Many companies offer “modified” classes that will often provide charges 25%-100% above normal. While this isn’t an ideal rate, occasionally it is a viable option that should be considered. Sometimes, there are only a few different classifications. However, a few carriers will have many rate classes…even as many as 10 different ones! Usually, Blue Cross has many tiers while UnitedHealthcare, Humana, and other carriers have less. NOTE: There are only TWO classes for Marketplace plans – Tobacco and Non-Tobacco. Prior medical conditions are not applicable.
Treatment Of Existing Conditions For Non-Exchange Coverage
Regarding existing conditions, if an applicant for coverage takes medications for high blood pressure and high cholesterol, and is also 35 pounds overweight, it is possible the policy will be approved. However, the issued rate may be 75% higher than the original estimate. This “modified” increase does not impact the benefits of the policy, just the cost.
If there are other family members applying for coverage, their risk could be viewed as more favorable and receive a much more attractive offer. Or, certain applicants can be accepted while others are denied. A carrier can pick the applicants it wants to approve.
Other common conditions that can cause the original quoted premium to increase are restless leg syndrome, irritable bowel syndrome, gout, asthma, seizures, arthritis, headaches, and sleep apnea. Keep in mind that this is not an all-inclusive list and the severity of the condition will affect the cost of the policy. On most underwritten plans, insulin-dependent diabetics will be declined so perhaps we can suggest other alternatives. Diabetes controlled by diet often is not a major condition.
Underwriting guidelines for Obamacare coverage changed in 2014 when all policies became guaranteed approved and all underwriting (OK, most of it) ended. Smoking , as earlier mentioned, became the only underwriting criteria allowed. Of course, your age and residence location are considered when the carrier determines their rate offer. Open Enrollment usually begins in November and lasts for three months.
Are Some Medical Insurance Plans Better Than Others?
Yes. The most expensive policies will often have low or no major medical deductible. For example, often HMO plans will contain a small daily maximum expense instead of a larger deductible such as $2,500. Many PPO plans offer low deductible options (such as $250 or $500), which can raise the rate as much as 25%-40%. If you are in reasonably good health, a low deductible is typically not advisable. An HSA may be a better policy option.

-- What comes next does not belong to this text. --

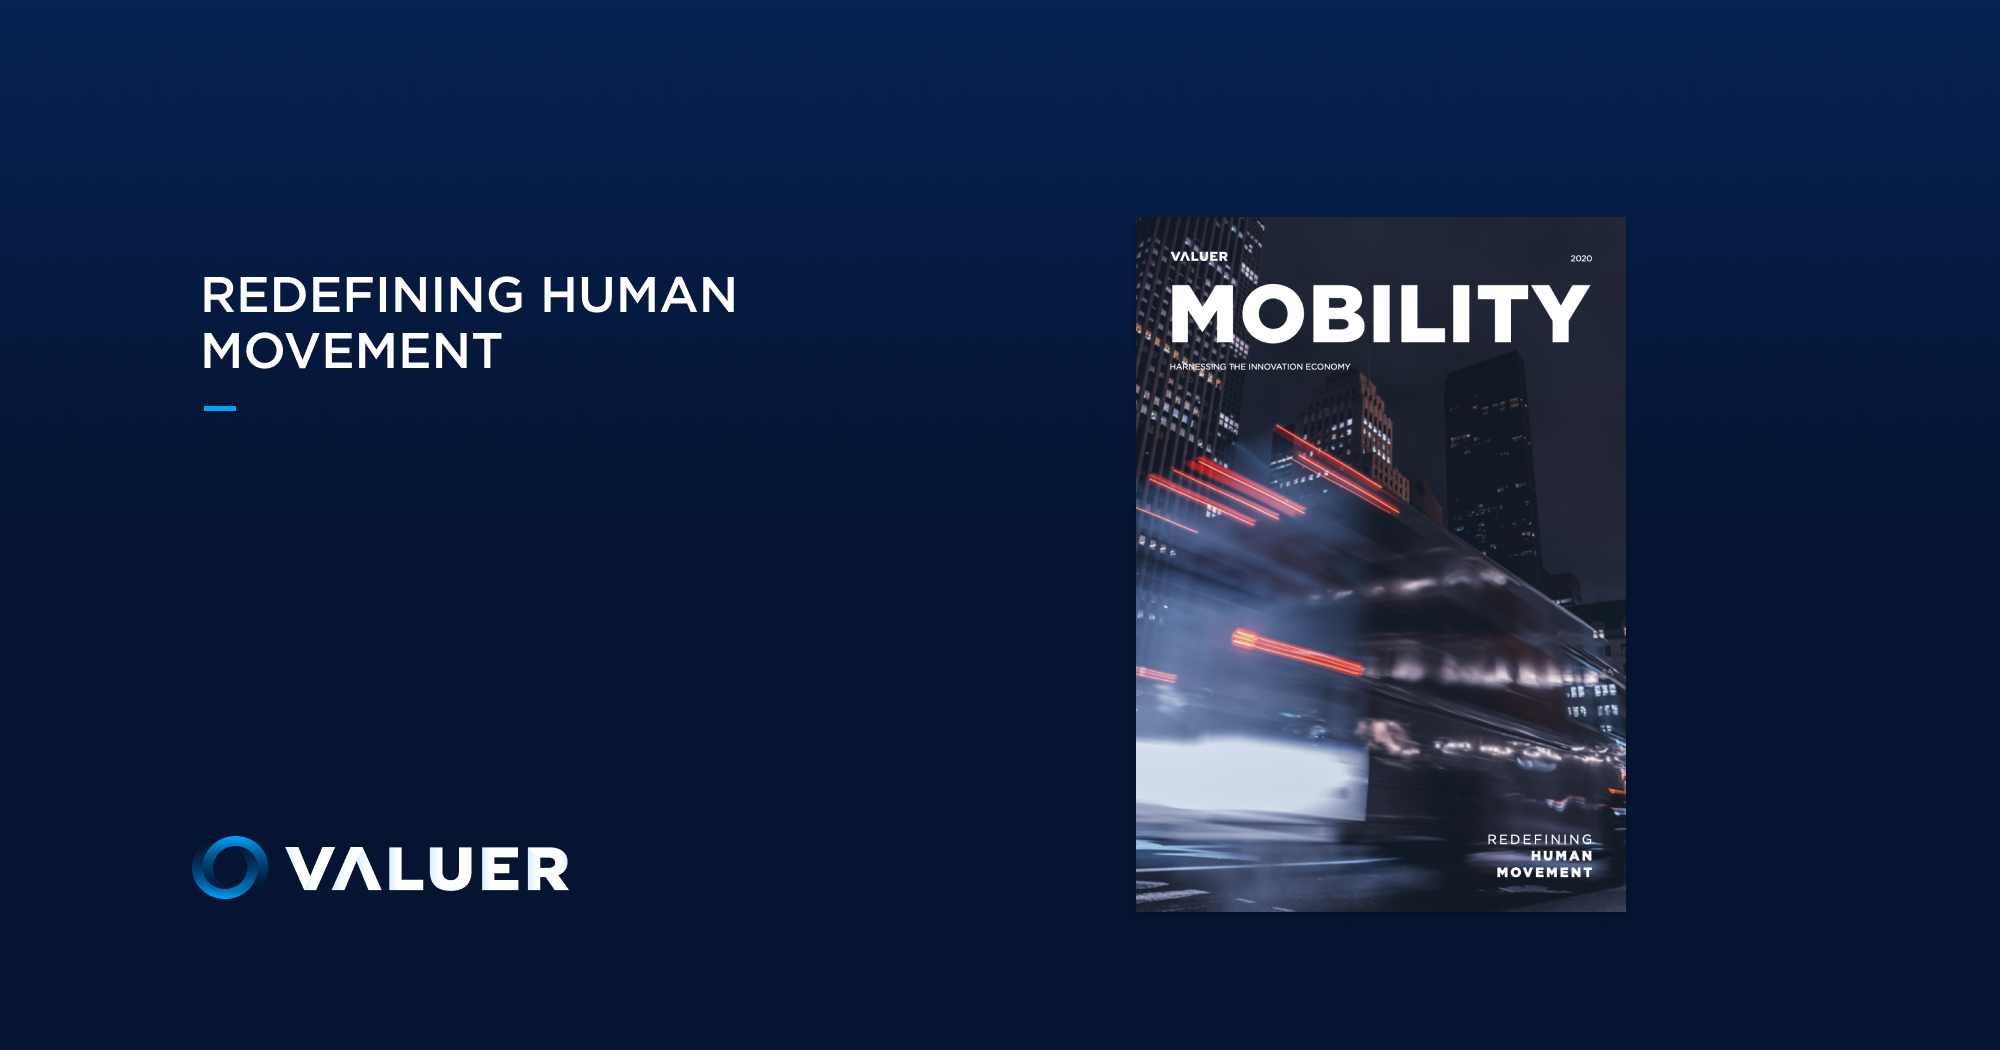 redefining-human-movement-mobility-feature-image

Other low cost plan information can be found here.
Depending on the carrier and state you reside, you may see a “Cadillac” plan that features extra benefits such as brand-name prescription benefits with no deductible to meet, enhanced mental illness coverage and first-dollar coverage on hospital claims with no coinsurance or deductible. These plans are very expensive, so unless your employer is paying the cost, it may be more cost-effective to purchase a policy that costs less. A higher deductible could drastically cut your health care expenses.
Other forms of insurance, such as dental, life and vehicle plans, will also have preferred classifications. But health care is clearly the most intriguing, since in many instances you can change your behavior and improve your own class. When you request to view rates at the top of the page, you’ll be able to determine your own personal rating and compare offers from different companies.
Final Note: The “preferred” ratings and classifications discussed in this article pertain to non-Marketplace and Exchange plans that are purchased outside of Open Enrollment periods when a “qualifying life event” is not available.